------ Entries supplied

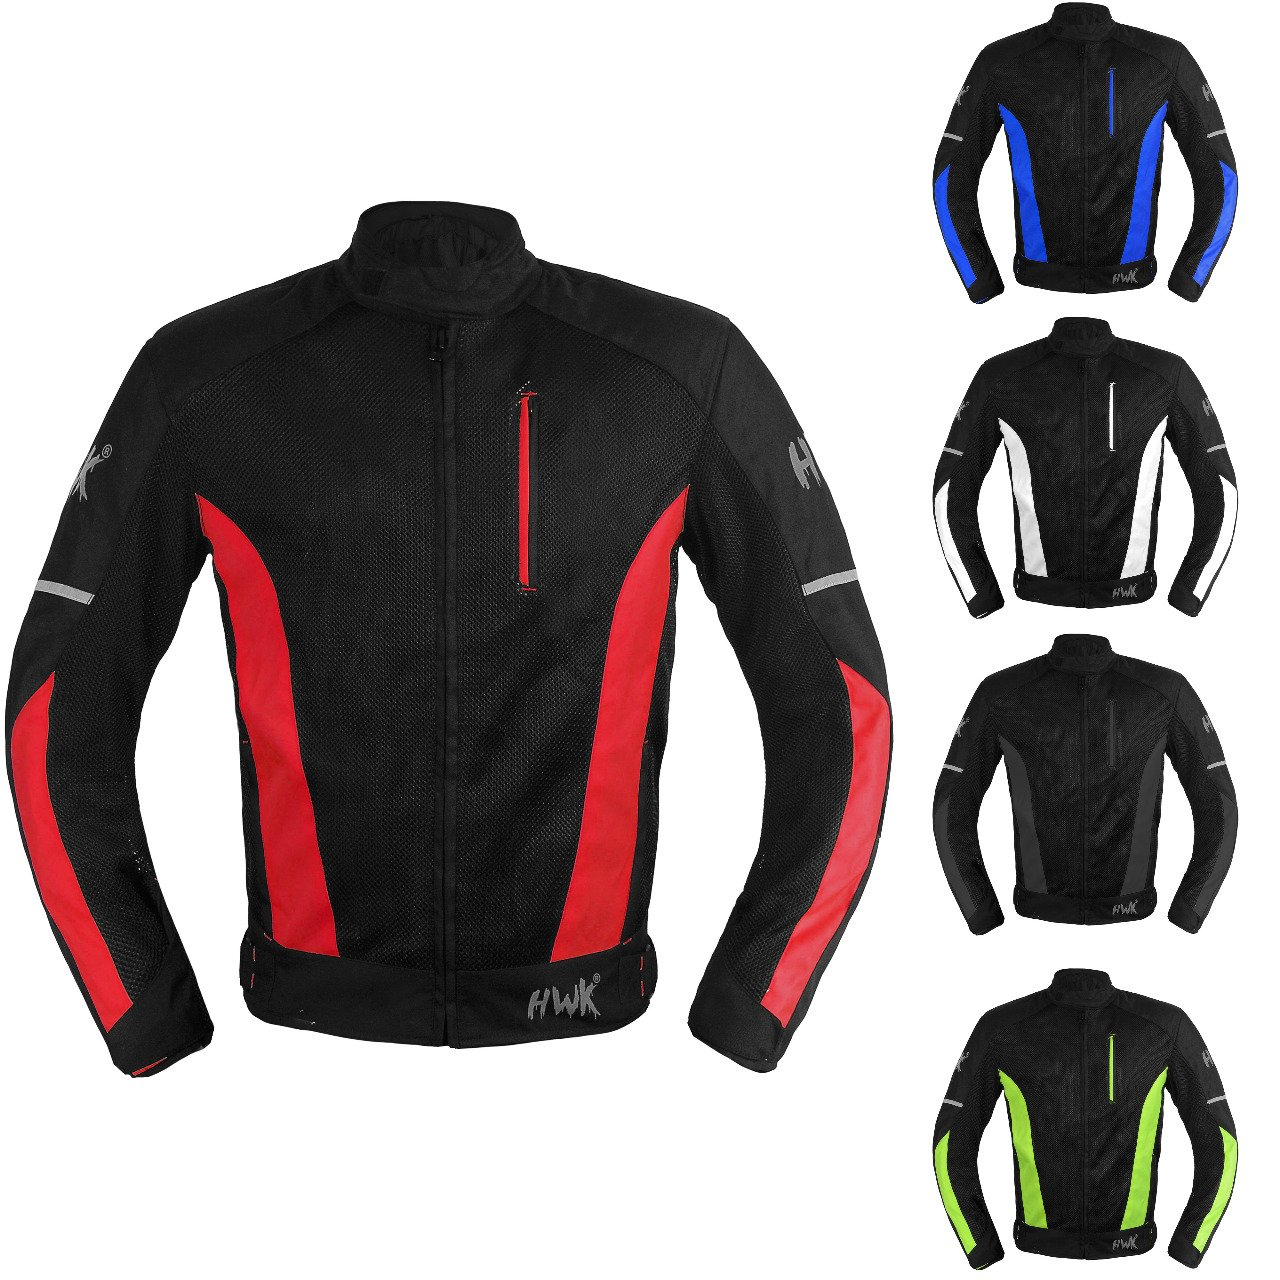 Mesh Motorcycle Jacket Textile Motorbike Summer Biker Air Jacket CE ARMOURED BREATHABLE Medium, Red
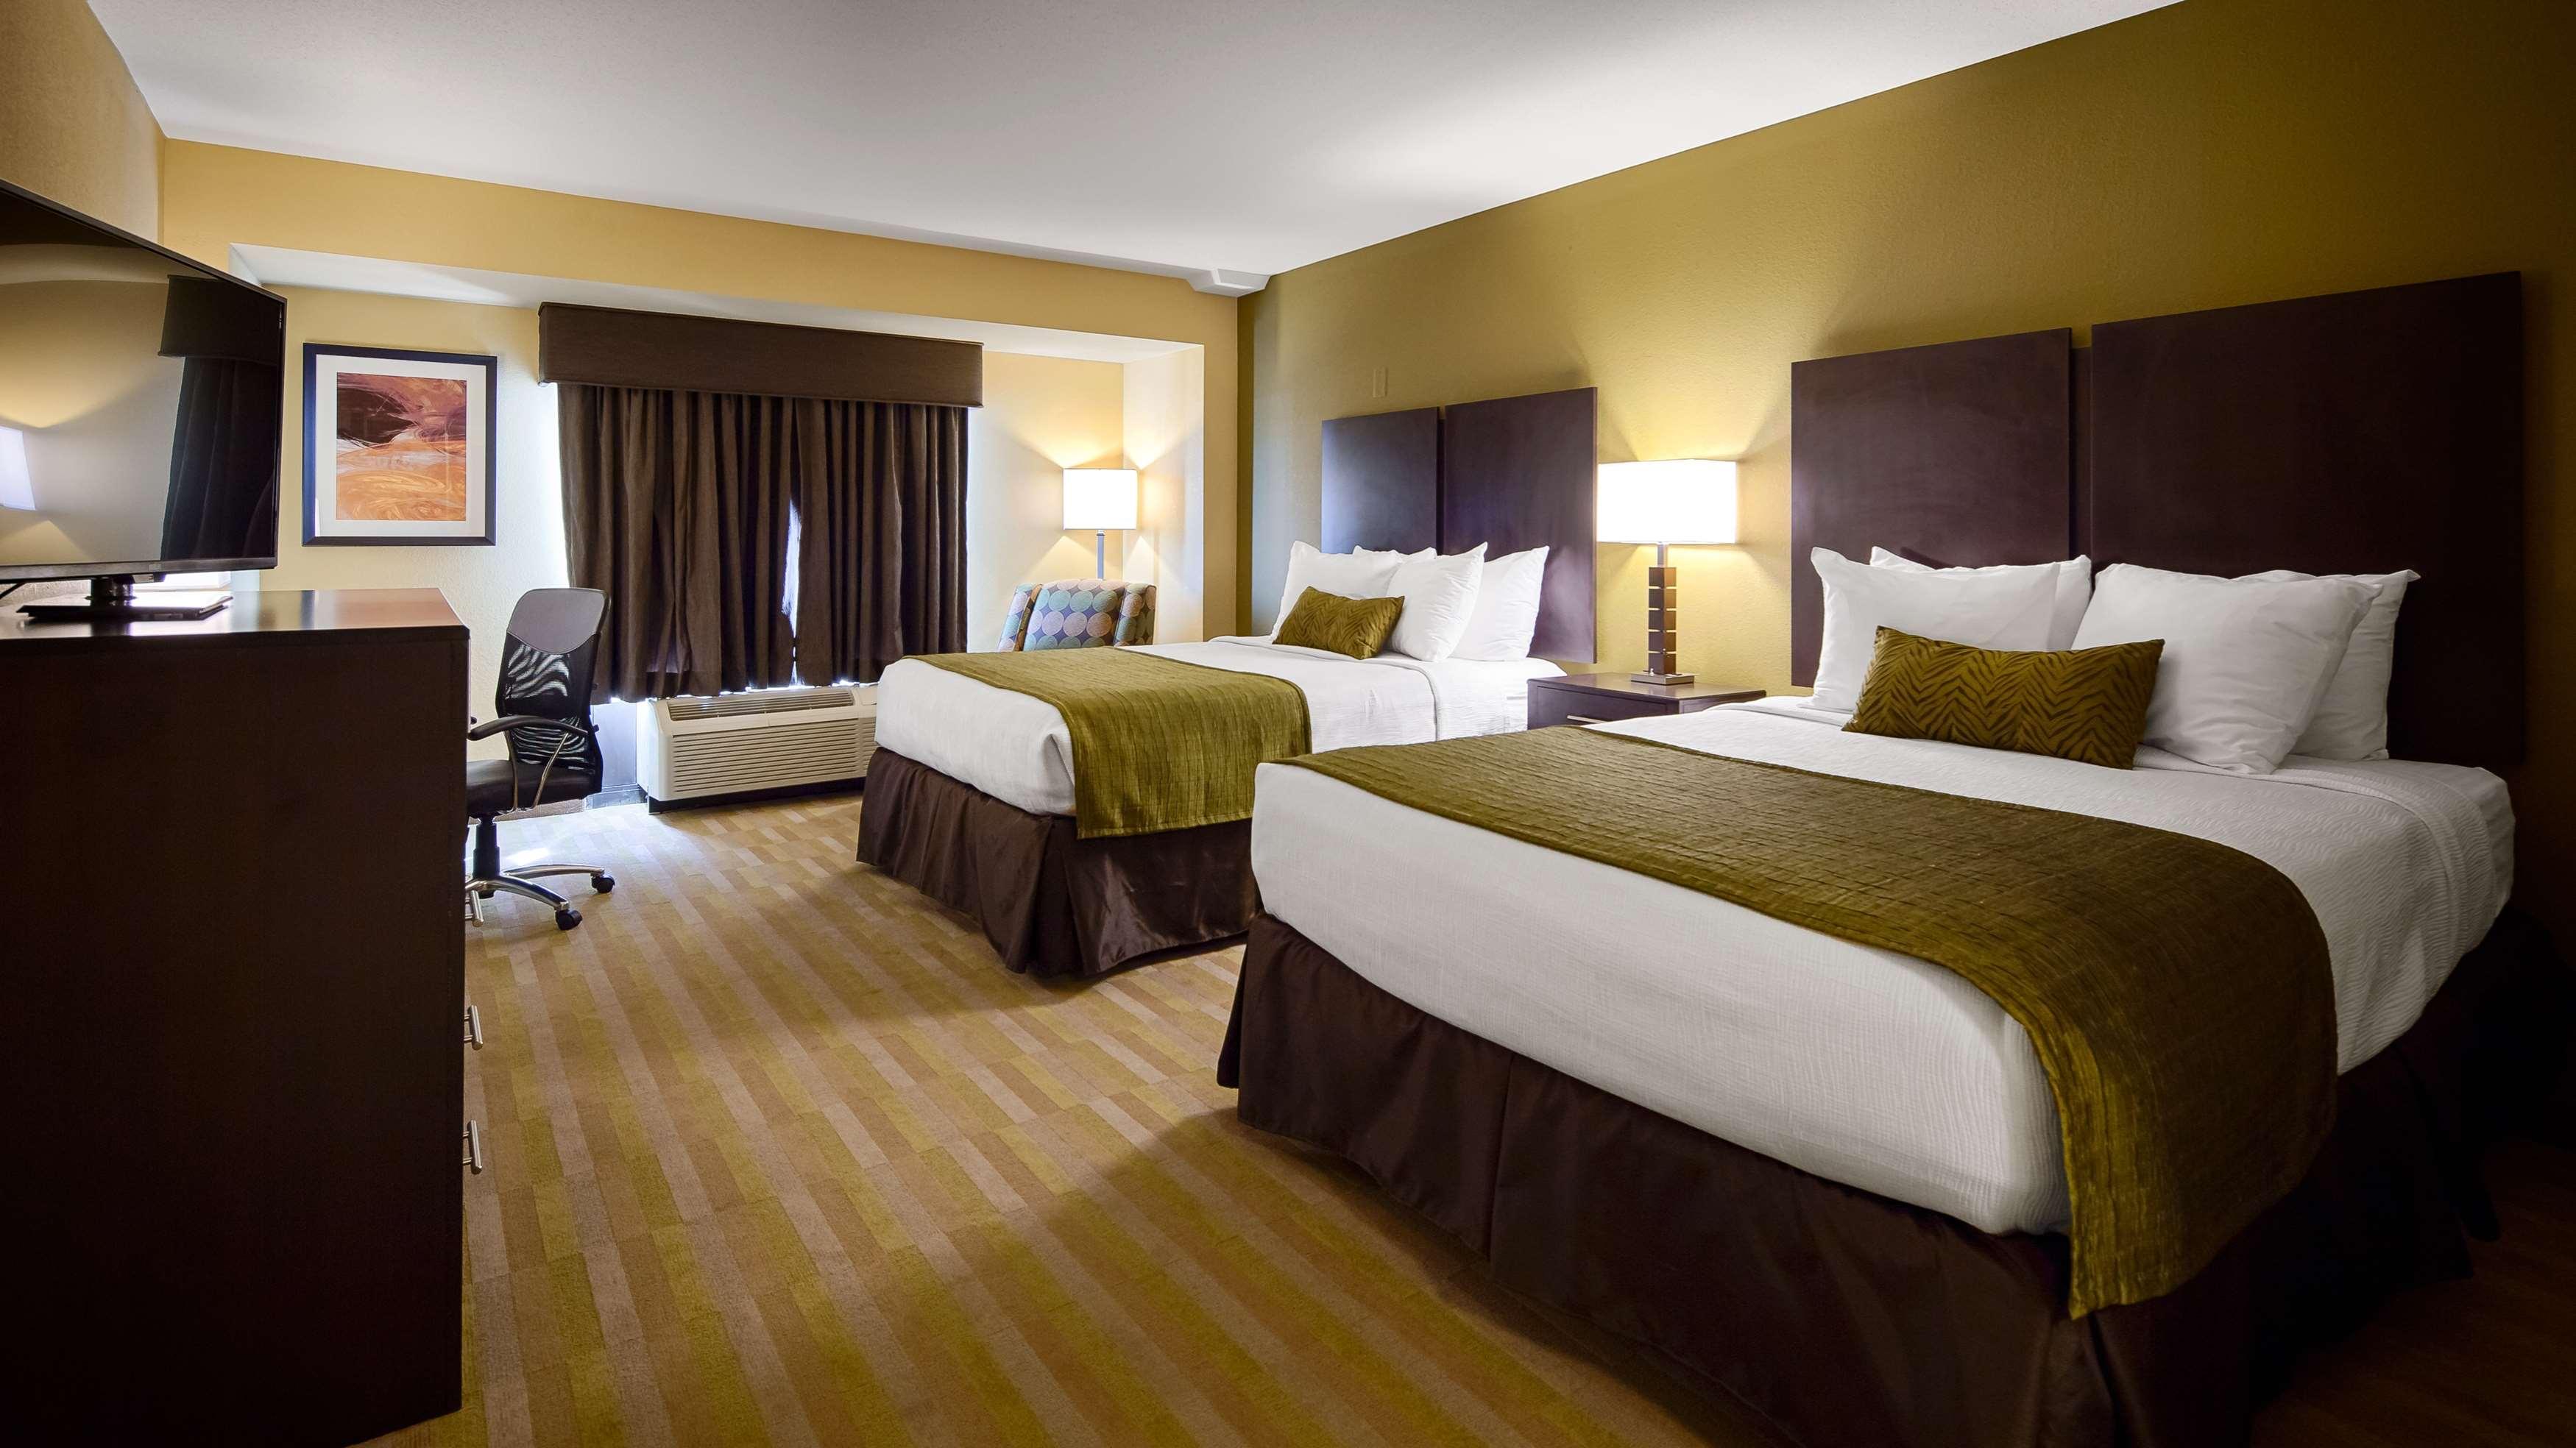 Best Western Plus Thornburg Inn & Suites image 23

------------
------ Entries supplied

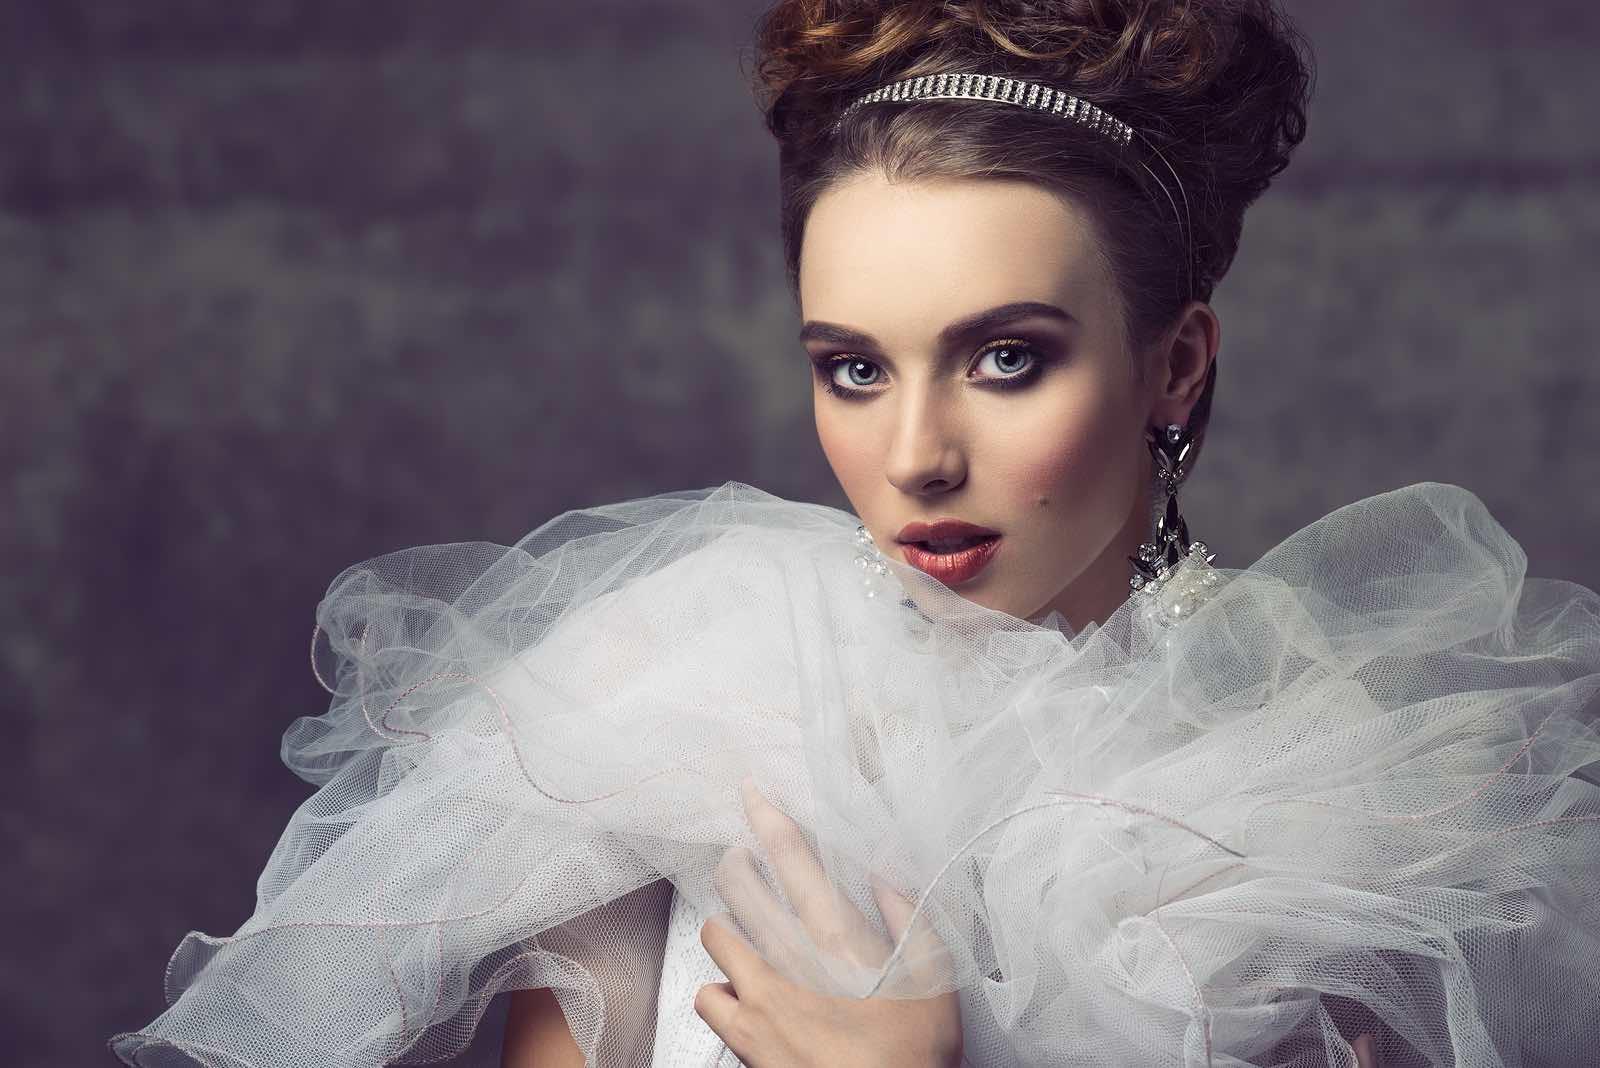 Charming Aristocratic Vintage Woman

------------

__Assignment__
Copy out exactly the material that runs from the line with "Mesh Motorcycle Jacket" to the line with "Best Western Plus", ends included, and leave the pictures behind.

__Answer box__
 Mesh Motorcycle Jacket Textile Motorbike Summer Biker Air Jacket CE ARMOURED BREATHABLE Medium, Red
 Best Western Plus Thornburg Inn & Suites image 23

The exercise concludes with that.